11 March 2016

Strong criticism regarding the Lampedusa ‘hotspot’ has been raised by the report on the Identification and Expulsion Centres (CIE – Centro di identificazione ed espulsione) by the Human Rights Commission of the Italian Senate. The report assesses the situation after five months of the start of the Lampedusa ‘hotspot’ operations, and highlights pre-identification, access to information and registration as particularly worrying aspects.

The pre-identification phase consists of a questionnaire handed out to people almost immediately after disembarkation, in which they are asked to indicate some general details and the reason for their arrival, in a section where they can choose ‘to work’, ‘to be reunited with family members’, ‘to escape poverty’, ‘to claim asylum’, ‘other’. The answer to this question constitutes the basis for the initial separation between asylum seekers – who can then potentially enter the relocation mechanism – and irregular migrants – who are given a return decision.

While UNHCR, IOM and Save the Children are present inside the Lampedusa centre, there is no guarantee of information about the asylum procedure being provided at the moment of disembarkation. Refugees and migrants recently arrived are still in many cases traumatised by the journey and may not be in the best state of mind to respond to a questionnaire which will determine their future.

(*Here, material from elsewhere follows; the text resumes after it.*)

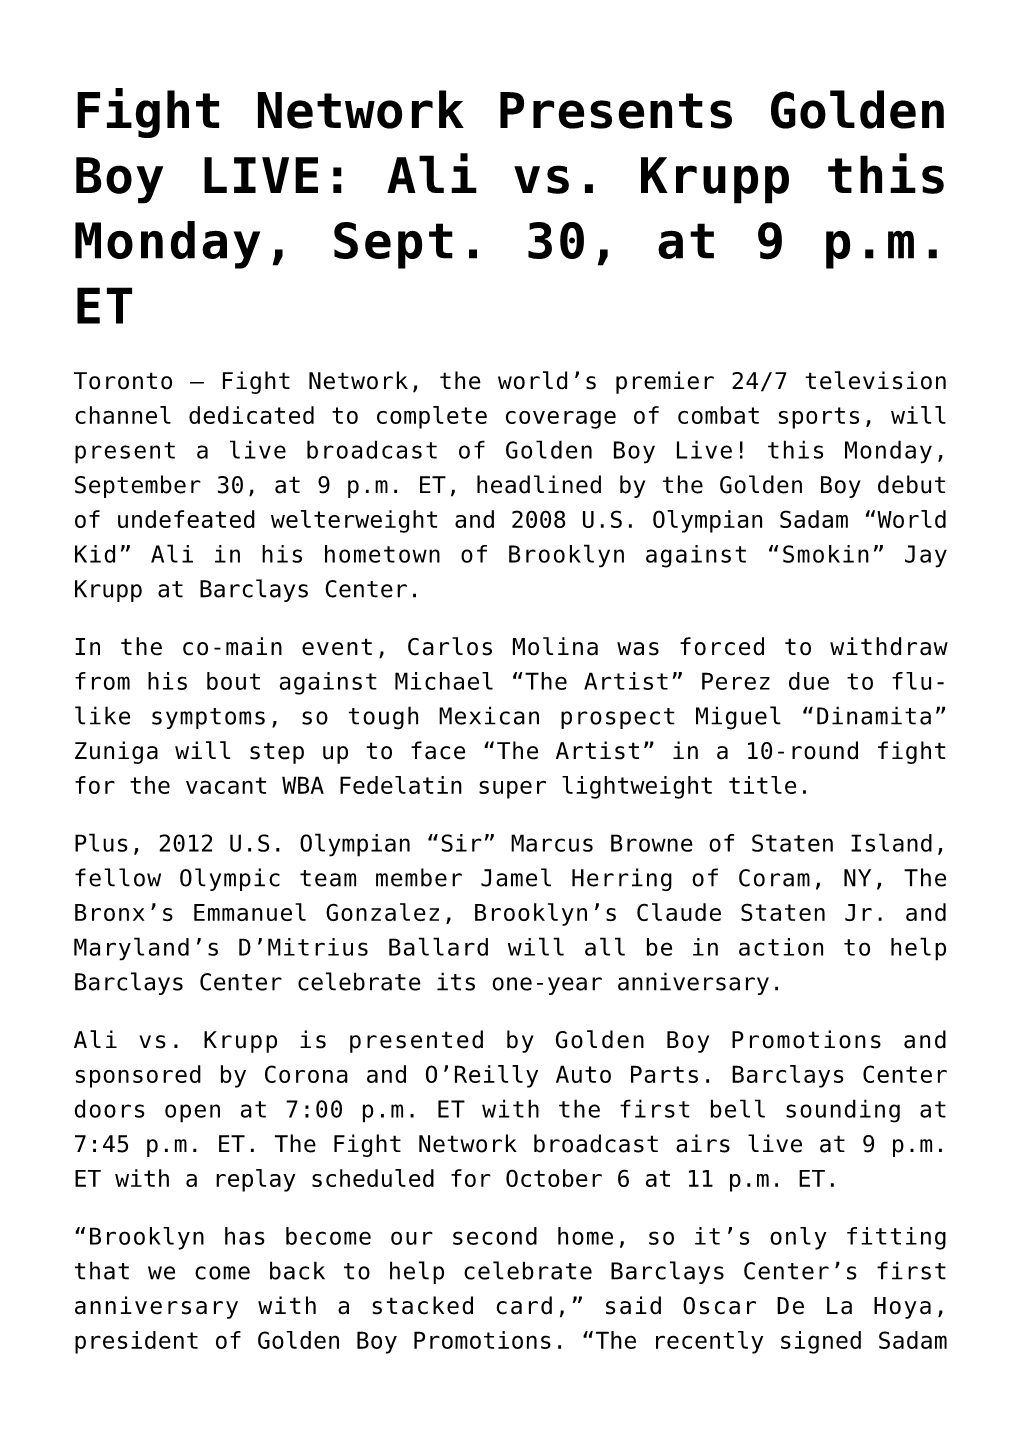 Fight Network Presents Golden Boy LIVE: Ali Vs. Krupp This Monday, Sept

Italian ECRE member ASGI, in exchanges with the ECRE Weekly Bulletin, stated that “We consider the so-called ‘hotspot’ approach illegitimate: it is not foreseen in any legally binding EU document and, as the report shows, the actions taken in the framework of the ‘hotspot’ are allegedly in violation of the recast Asylum Procedure and Reception Conditions Directives.”

Fingerprinting and registration are also issues of concern, as some people do not want to be fingerprinted in Italy. Fingerprinting by force is not allowed under Italian legislation, therefore those who refuse – which they are entitled to do – are left in a state of legal limbo and are not allowed to leave the ‘hotspot’ centre.

The centre itself foresees a very short stay of a maximum of 48 hours and provides no activities besides access to basic services. In many cases, however, people are held for much longer times, even exceeding 30 days.

The report suggests, as a measure to increase the speed and efficiency of the relocation programme, to take into account the preference of the asylum seeker as per the country of relocation, based on family or community links. At present, many people do not want to enter the process because they are not allowed to choose where to go.